Там вся в слезах душа моя беспечно плачет,
Там девушка-мечта по подворотням скачет,
Там в "дурочкА" игра проходит столь удачно,
Что два туза в руках – и два в кармане прячут.
По улицам больным со мною дождь холодный
Бродил и моросил по клейким почкам жёлтым,
И, ноги промочив, ныряю в пасть голодной
Волчицы из тоски, шурша травою мёртвой.
Крапива по кустам темнеет в каплях рослых,
Лопух, зелёный маг, с крапивой вместе томно
Под ветром, стыд храня, целуется невольно,
Я прячу боль в глазах – ненастье для бездомных.
А ветер всё гудит – с морокой небо стонет,
Моя душа молчит – ей труден выдох словно,
И застывает ритм сердечный в клетке сонно,
И замирает миг – его глушу, возможно.
4 страница
Капля
–– Сто нитей –
Рекой текут по белому листу
Сто нитей тонких абрисных открытий.
Я захватила тёплый плед, несу
Его, чтоб на ветру не простудиться.
И жар по коже, словно тысяч лет,
И холод мелочных зигзагов зимних,
И руки – обносившийся плетень -
Хватают точки в небе хмуро-синем.
И путь мой – одинокий путь звезды
На пепельно-холодном небе сути,
И в тишине, затянутой во льды,
Молчание что золото прелюдий.
Звенящая струна готова вмиг
Излиться в мир тугой волною звука,
Но сдержаны легчайшие персты,
В молчании сомкнуты вместе руки.
-– Разве может Гален быть на паперти? –
Разве может Гален быть на паперти,
В Колизее бродить среди псов?
Неважна, знать, судьба гладиаторов,
Если посох Асклепия прочь!
Что ж стоишь ты с тоскою, как каменный,
Выход в бой – на арене с косой
Смерть-подружка, нагая окалина,
Раскраснела арену собой…
Иль Гален не ножом препарирует,
Или Клавдий риторикой сыт,
Или люди врачами манкируют?
То тогда лекарей всех забыть…
На арене со смертью венчанию
Предадутся бойцы пред толпой…
–Кто спасёт их? – в ответ лишь молчание…
Жрец Асклепия ранен стрелой…
-– От тебя мне бежать? –
От тебя мне бежать?
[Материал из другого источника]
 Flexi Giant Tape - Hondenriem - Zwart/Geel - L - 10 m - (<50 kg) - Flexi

Где мне скрыться?
От себя не уйдёшь никуда…
Ты моя невозможная птица…
Что надсадно хрипит сгоряча:
И по клетке размахивать крыльем,
Не взлетая, а только крича:
"Дай мне хлеба… хоть крошку, дурында!
Что не видишь: зачах попугай!"
И зелёные перья летают
По блестящей поверхности дна…
Пианино стоит, умирая,
В уголке от большого окна…
-– Я умираю в тысячах словах –
Я умираю в тысячах словах и воскресаю в тысячном изъяне…
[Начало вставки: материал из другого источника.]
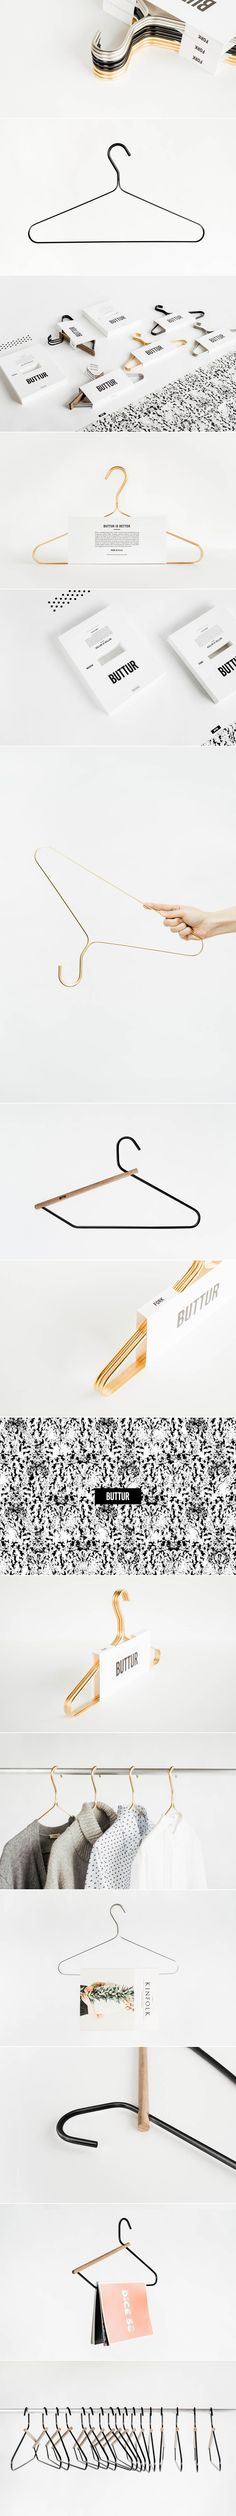 Buttur. No ordinary hangers. (More design inspiration at www.aldenchong.com)

Меня словами доведёшь за край и разгрызёшь, как в паутинной яме…
И осень неба в холоде небес играет стразами на тонкой ели,
И голубая в тон игла чудес пронзает небо кисленьким щавелем…
Там в круге от двенадцати потерь игристое играет пузырьками,
Бокалы пенятся в пожаре лет, а солнышко блистает над главами
Разлапистых и остреньких ветвей, украшенных гирляндами открыток,
И запах мандаринов и конфет уводит в мир всех страждущих открытий…
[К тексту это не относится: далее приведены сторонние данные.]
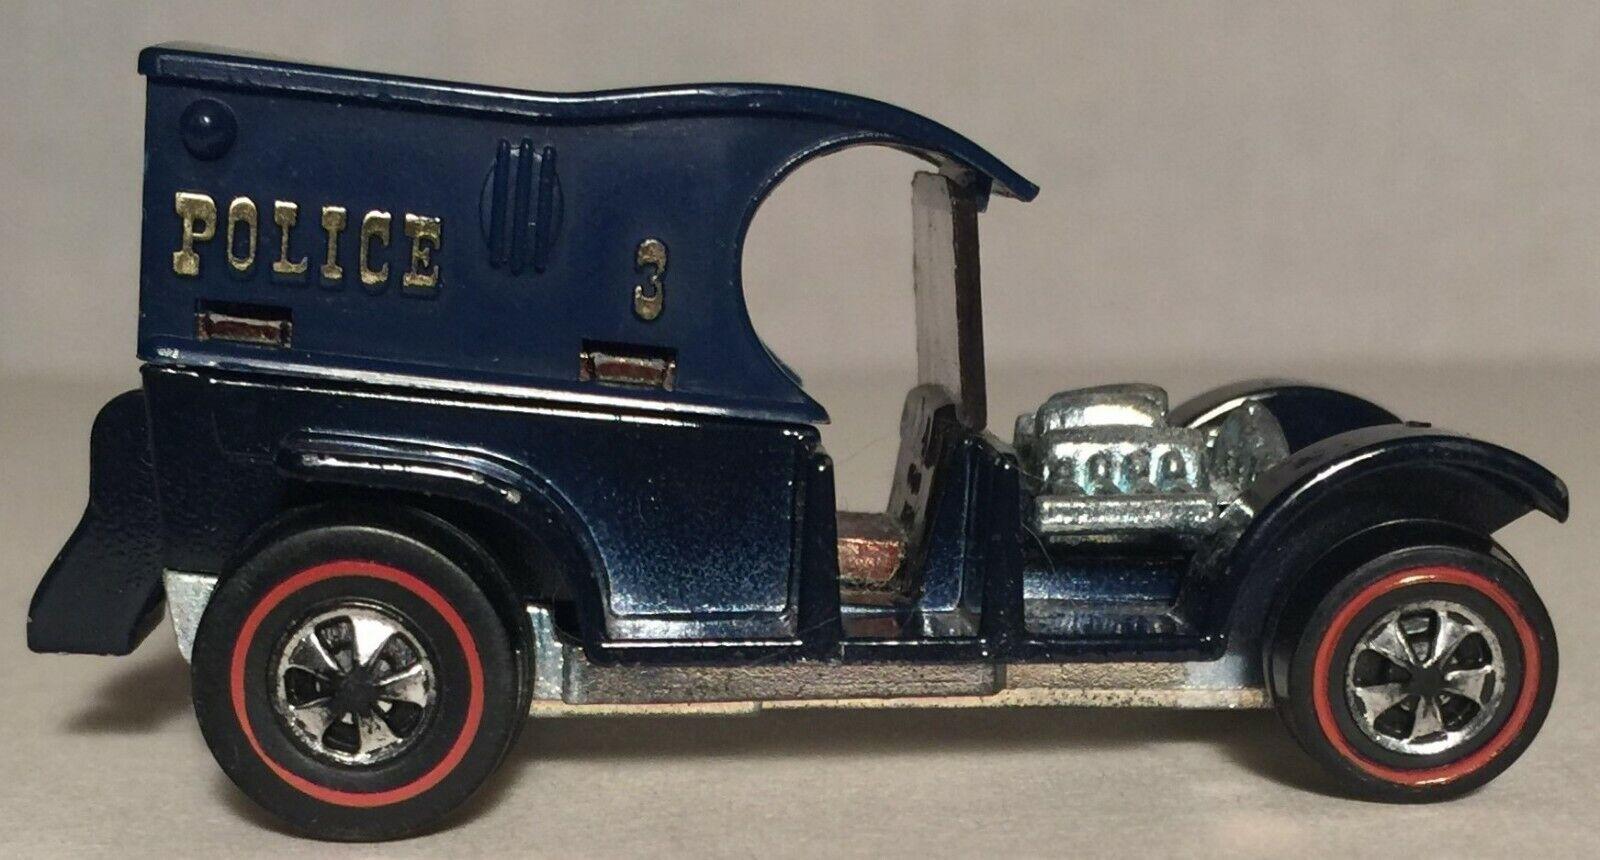 Police Paddy Wagon Redline Nice Vintage Original 1970 Hot Wheels

-– Vita dulcis –(лат. сладкая жизнь)
Красиво лунная парча блистает,
Прекрасны нити в стае легких слов,
И время в колбочке стекает тайной
Песочком жёлтым под следами ног.
Рождаются прекрасные мгновенья
Из-под пера и топора любви.
Под вихрем образы в словесной лени
Целуют буквами парчовый лист.
Пергамент дышит тайной тонкой неги,
А плотный мир за стёклами орбит
Течёт, как струйка в водопадном лете
Неся дорогу на молочный бриз.
Туман лиловый стелется упрямо
По тонким впадинкам высоких скал,
Внизу в песочном замке двое рядом,
Друг к другу жмутся в золотой обвал.
И каплей бег холодными ручьями
Стекают меж улыбок, глаз и губ,
Печатают по коже губы ямы
Синюшные, как в небе тысяч лун.
-– Танец умирающего лебедя… (посвящается Анне Павлов)
Безумие высокого полёта
И тайна всей небесной тьмы
На кончиках лебяжьего излома
Моей кисти парящей ввысь.
Плыву легко по сцене на пуантах,
Атласные шажки мельчат.
И дрожь кистей, как сцепленные банты,
Несу, откинувшись назад.
Мой лебедь не умрёт – он будет вечен.
Быстрей несите мой костюм!
Сегодня ночь желанного концерта…
Взлелею в танце каждый дюйм…
***
17 января 1931 года знаменитая балерина прибыла на гастроли Нидерланды, где ее хорошо знали и любили… В гостиницу был срочно вызван врач, который обнаружил у балерины острый плеврит. «Мадам, у вас плеврит. Необходима операция. Я посоветовал бы удалить одно ребро, чтобы было легче отсосать жидкость». В ответ на это Дандре воскликнул: «Как же так! Ведь она же не сможет завтра танцевать!».
Видимо, тогда и родилась легенда об «умирающем лебеде», которую приводит в своих мемуарах Виктор Дандре. Анна Павлова, уверяет мемуарист, любой ценой хотела еще раз выйти на сцену. «Принесите мне мой костюм лебедя», – сказала она.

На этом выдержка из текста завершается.